Dexmedetomidine administration reduced mortality in patients with acute respiratory distress syndrome: a propensity score-matched cohort analysis.

BACKGROUND

Acute respiratory distress syndrome (ARDS) continues to pose significant difficulties due to the scarcity of successful preventative and therapeutic measures. Recent clinical trials and experimental research have confirmed the lung-protective and anti-inflammatory properties of dexmedetomidine. The objective of this study was to examine the relationship between the use of dexmedetomidine and mortality outcomes in ICU patients with ARDS.

METHODS

This study retrospectively examined data from the Medical Information Mart for Intensive Care (MIMIC) IV, focusing on individuals diagnosed with ARDS. The primary endpoint was the occurrence of death within 28 days after entering the ICU. To ensure a balanced cohort, we applied propensity score matching at a 1:1 ratio.

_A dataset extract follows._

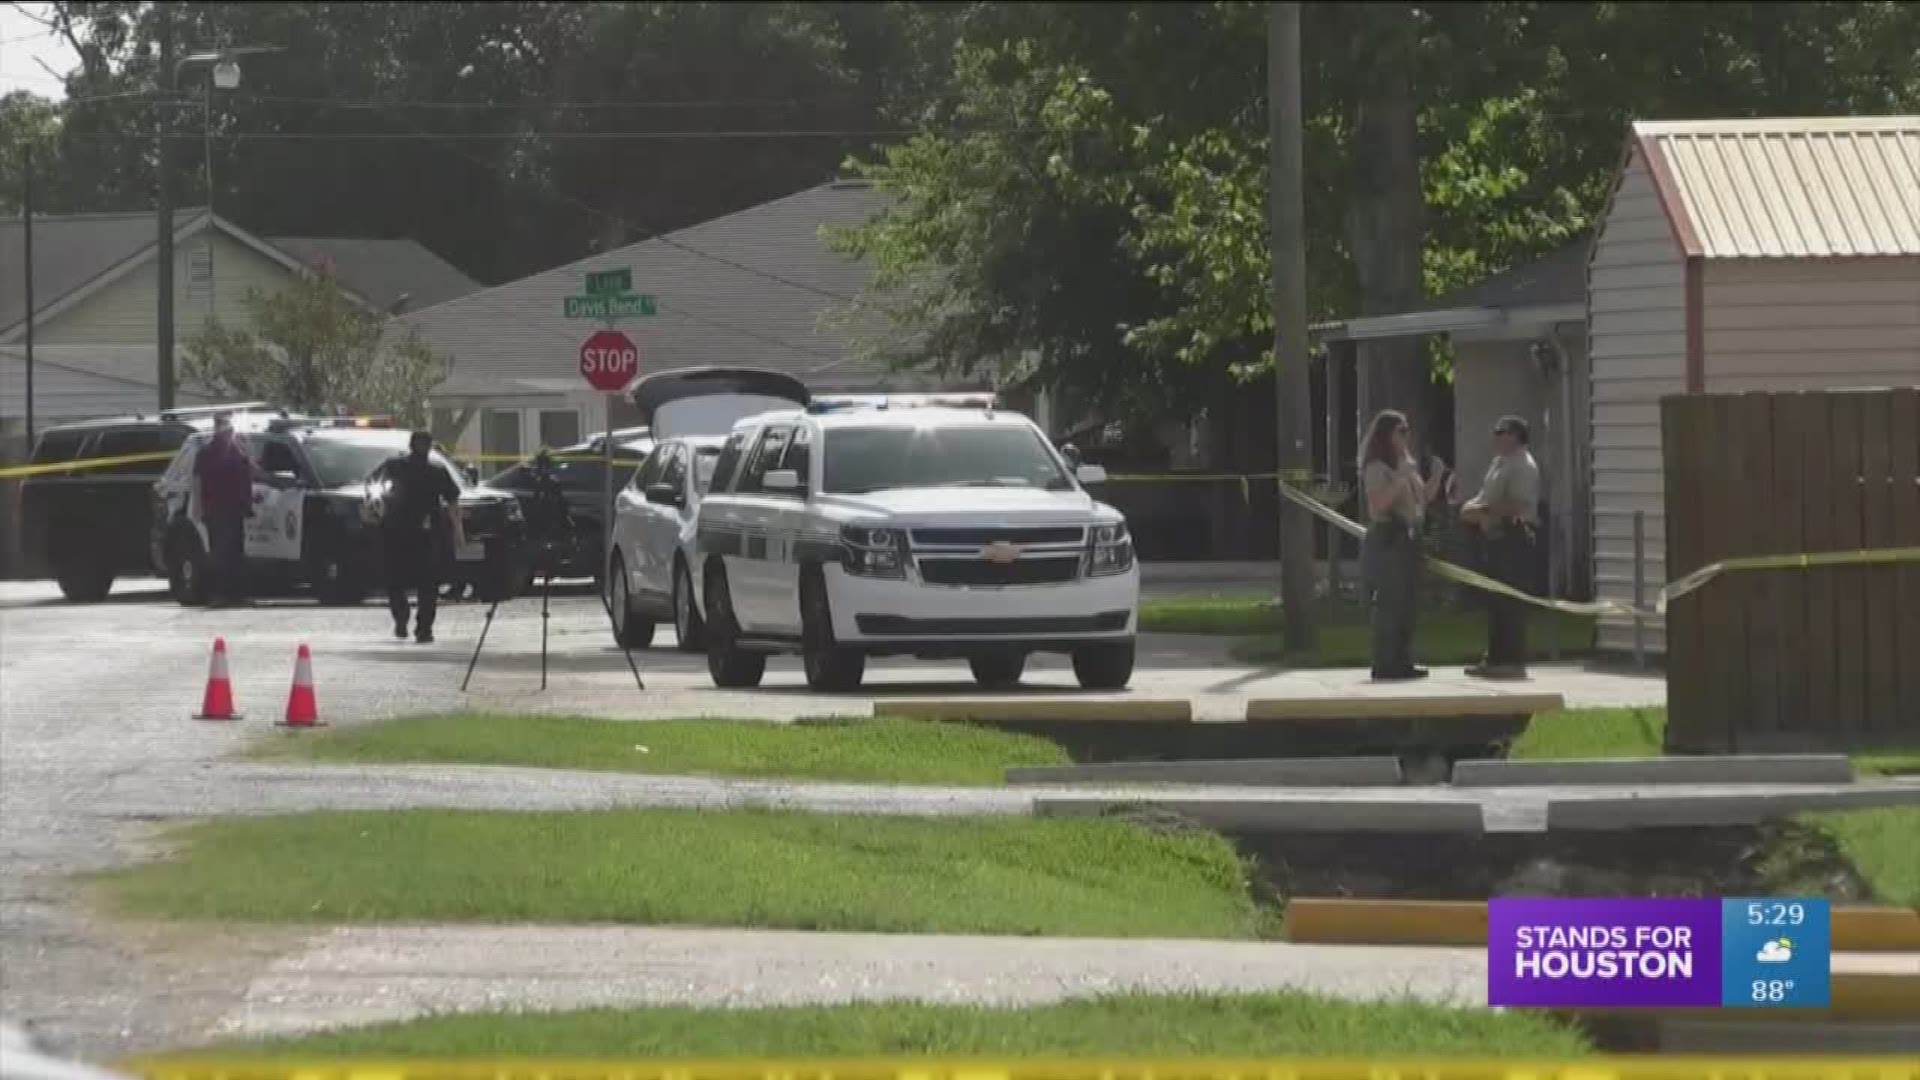 Police surrounded an area near a church in Alvin where officers say there's been a shooting at a church.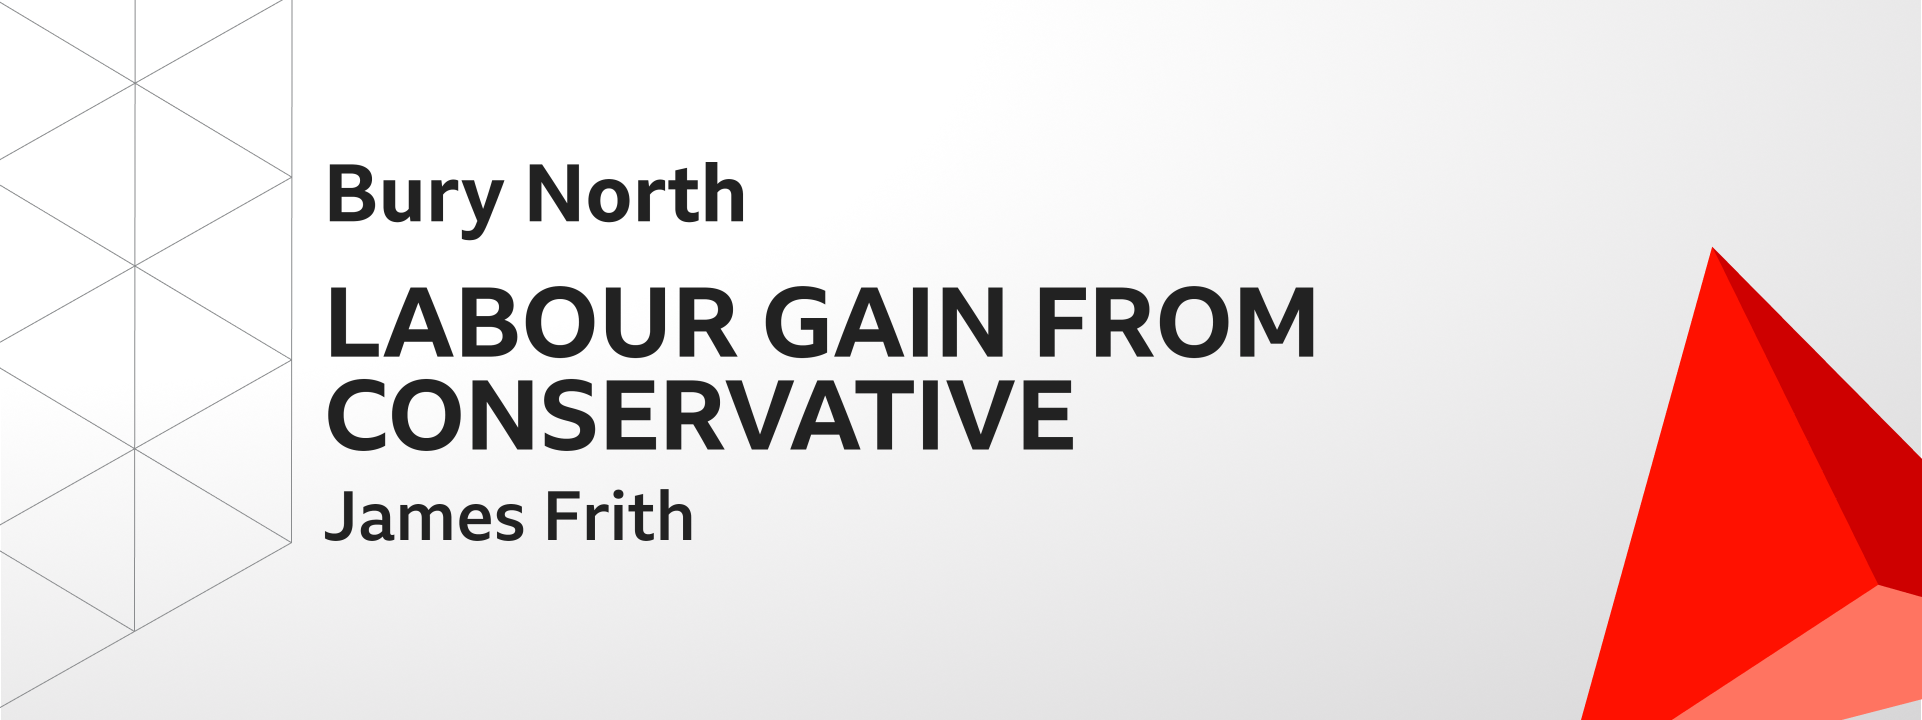 Graphic showing Labour gains Bury North from the Conservatives. The winning candidate was James Frith.

Additionally, multivariable analysis was performed to mitigate the effects of confounding factors.

RESULTS

In this study, a cohort comprising 612 patients diagnosed with ARDS was investigated. Analysis using both univariate and multivariate Cox regression indicated significantly reduced 28-day and 90-day mortality rates in patients administered dexmedetomidine compared to those who were not given this treatment. Following adjustments for potential confounders using propensity score matching, these results were confirmed to be robust.

CONCLUSION

The results indicate an association between the administration of dexmedetomidine and lower mortality rates among severely ill ARDS patients. However, this result should be interpreted with cause because of a lot of missing data of potential risk factors for clinical outcomes. Nonetheless, it is imperative to perform further randomized controlled trials to corroborate this finding.